In this Monday, March 23, 2020 file photo, a playground outside the Prince Hall Village Apartments sits empty near one of the petrochemical facilities in Port Arthur, Texas. According to a study published Wednesday, April 28, 2021 in the journal Science Advances,  across America, people of color are disproportionately exposed to air pollution from industry, vehicles, construction and many other sources. (AP Photo/David J. Phillip)

Non-white Americans breathe worse air than white ones, a new scientific study has found.

Ethnic minority communities in the US, including Black, Hispanic and Asian, suffer higher exposure from nearly all sources of air pollution including roads, building sites, factories and even restaurants, according to the journal Science Advances

As a result, they suffer an increased rate of environmentally caused deaths to their caucasian counterparts.

Exposure to fine particulate matter air pollution in neighbourhoods, homes and places of work, known as PM 2.5, is responsible for 85,000 to 200,000 deaths a year in the states.

The study said: “Results indicate that emission sources that disproportionately expose [People Of Color] are pervasive throughout society.
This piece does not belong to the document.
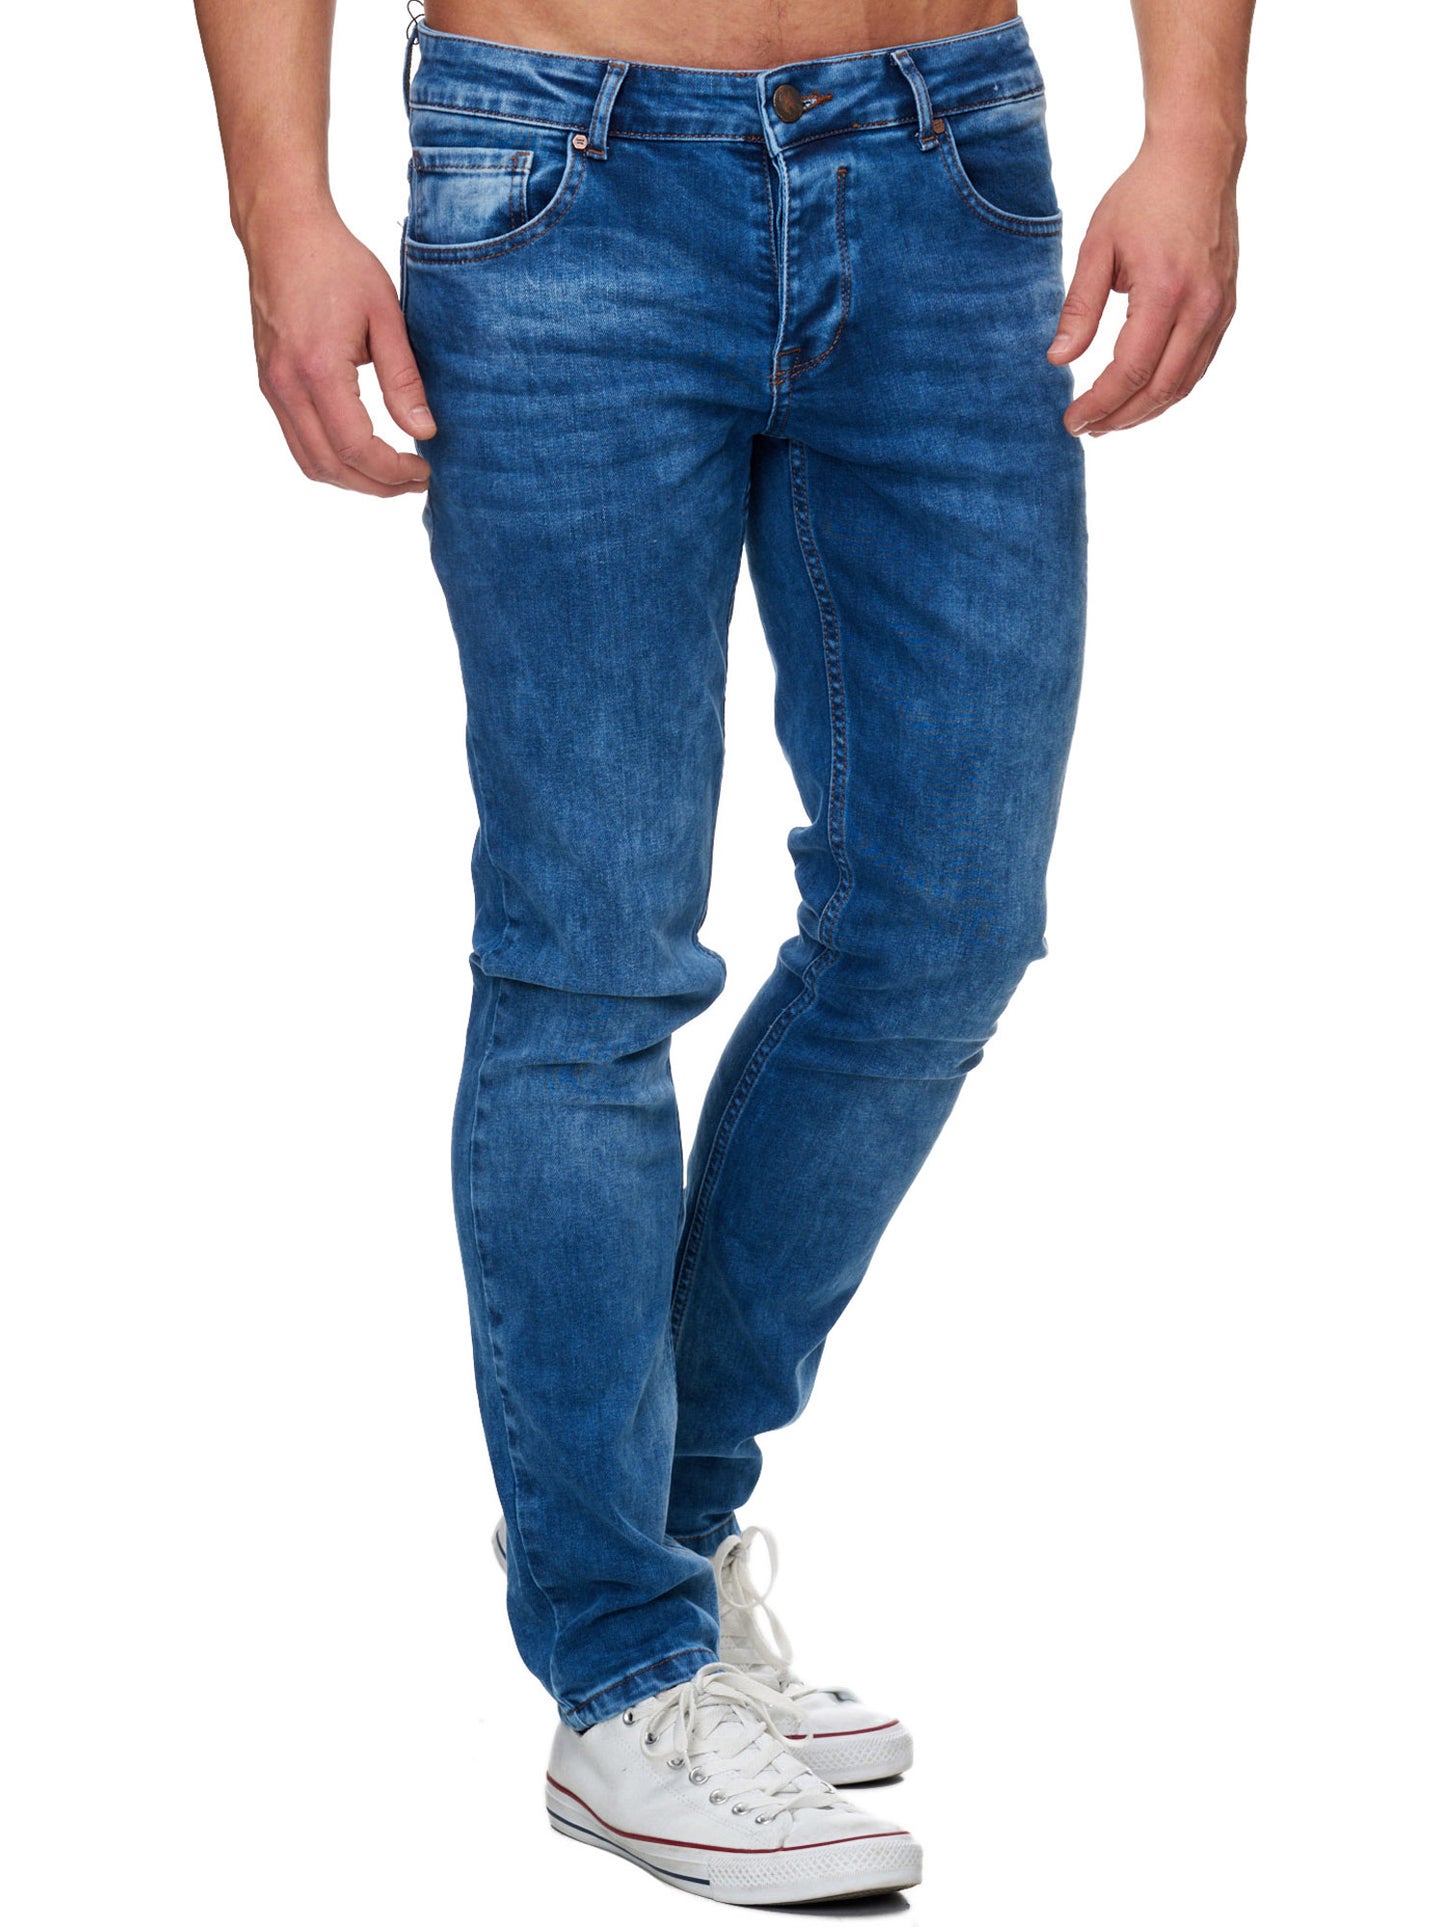 Tazzio Herren Jeans Slim Fit 16533 Blau
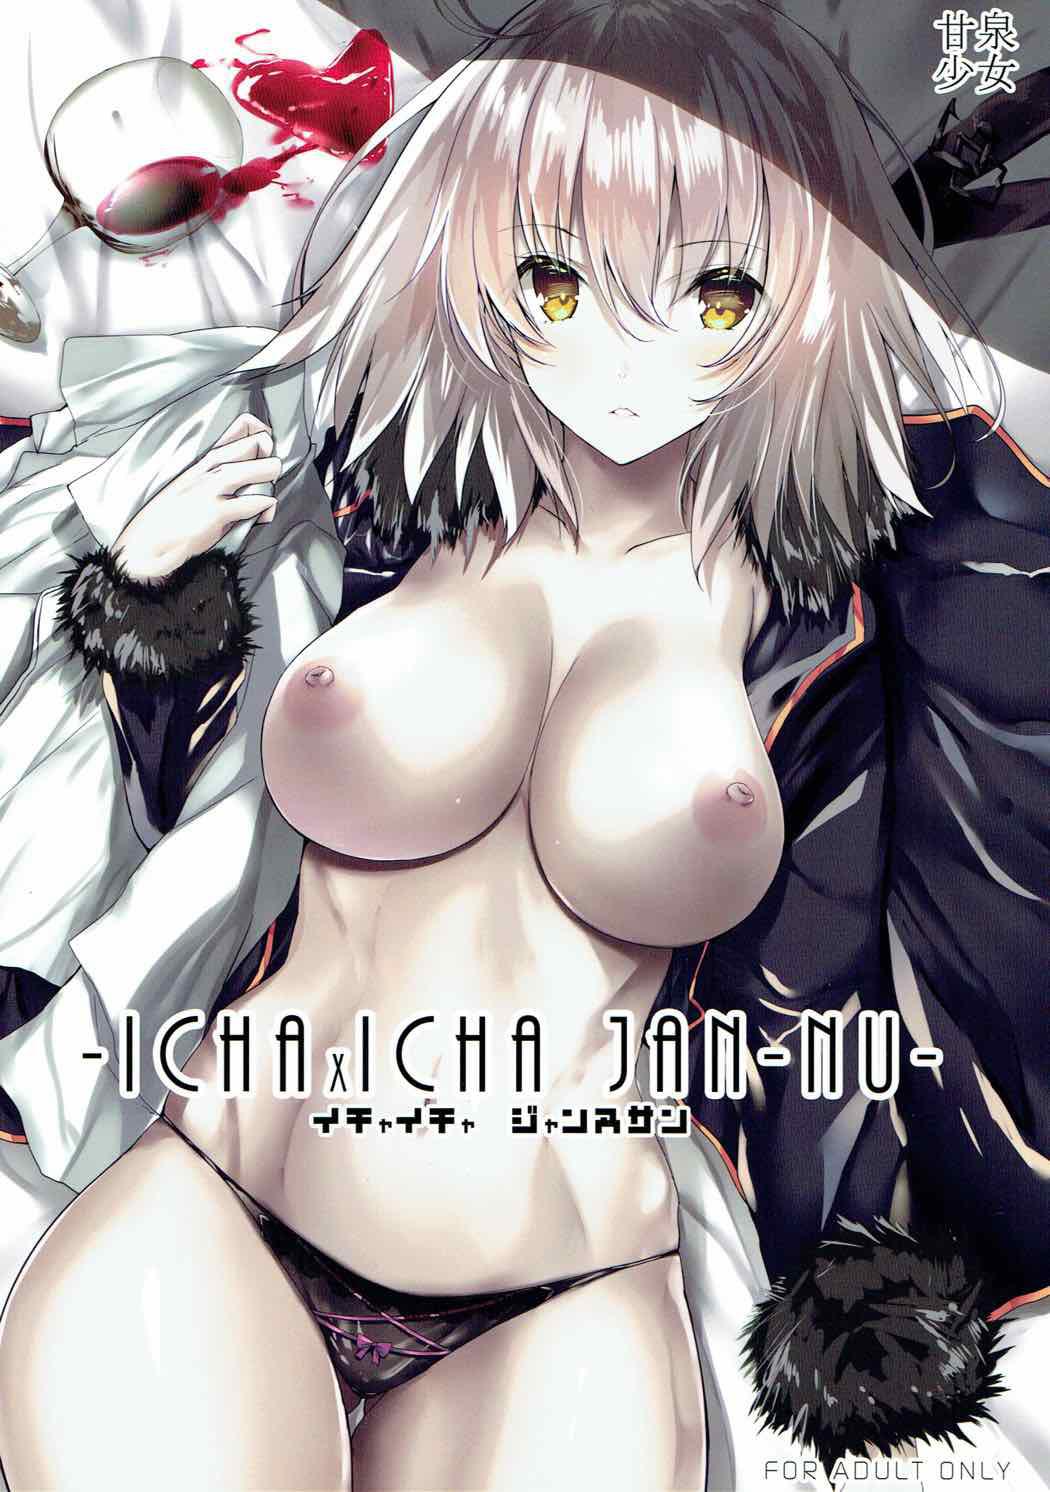 Ichaicha Jeanne-san 0

This phenomenon is systemic, holding for nearly all major sectors, as well as across states and urban and rural areas, income levels, and exposure levels.”

It added that whilst “industry, light-duty gasoline vehicles, construction, and heavy-duty diesel vehicles are often among the largest sources of disparity... because of a legacy of racist housing policy and other factors, racial-ethnic exposure disparities have persisted even as overall exposure has decreased.”

Study leader Christopher W. Tessum, an assistant professor in environmental engineering and science at the University of Illinois at Urbana-Champaign, toldThe New York Times that  they analysed data from more than 5,000 emissions sources taken as part of a 2014 country-wide survey, before breaking it down by racial and economic background. 

“We expected to find that just a couple of different sources were important for the disparate exposure among racial ethnic groups,” he told the newspaper. “But what we found instead was that almost all of the source types that we looked at contributed to this disparity.”

Professor Robert D Bullard, an expert in environmental racism at Texas Southern University, who was not involved in the study, said: “If you go to communities of color across this country and ask them, ‘What’s the source of the environmental problems?’ they can point you to every one: the highway, the chemical plants, the refineries, the legacy pollution left over from decades ago, in the houses, in the air, in the water, in the playgrounds.”

He added: “Empirical research is now catching up with the reality: that America is segregated and so is pollution.”

One source that surprised the researchers was restaurants and commercial kitchens, which tend to be in areas more populated by people of colour, which were found to comprise a surprisingly large amount of air pollution due to the use of cooking oils.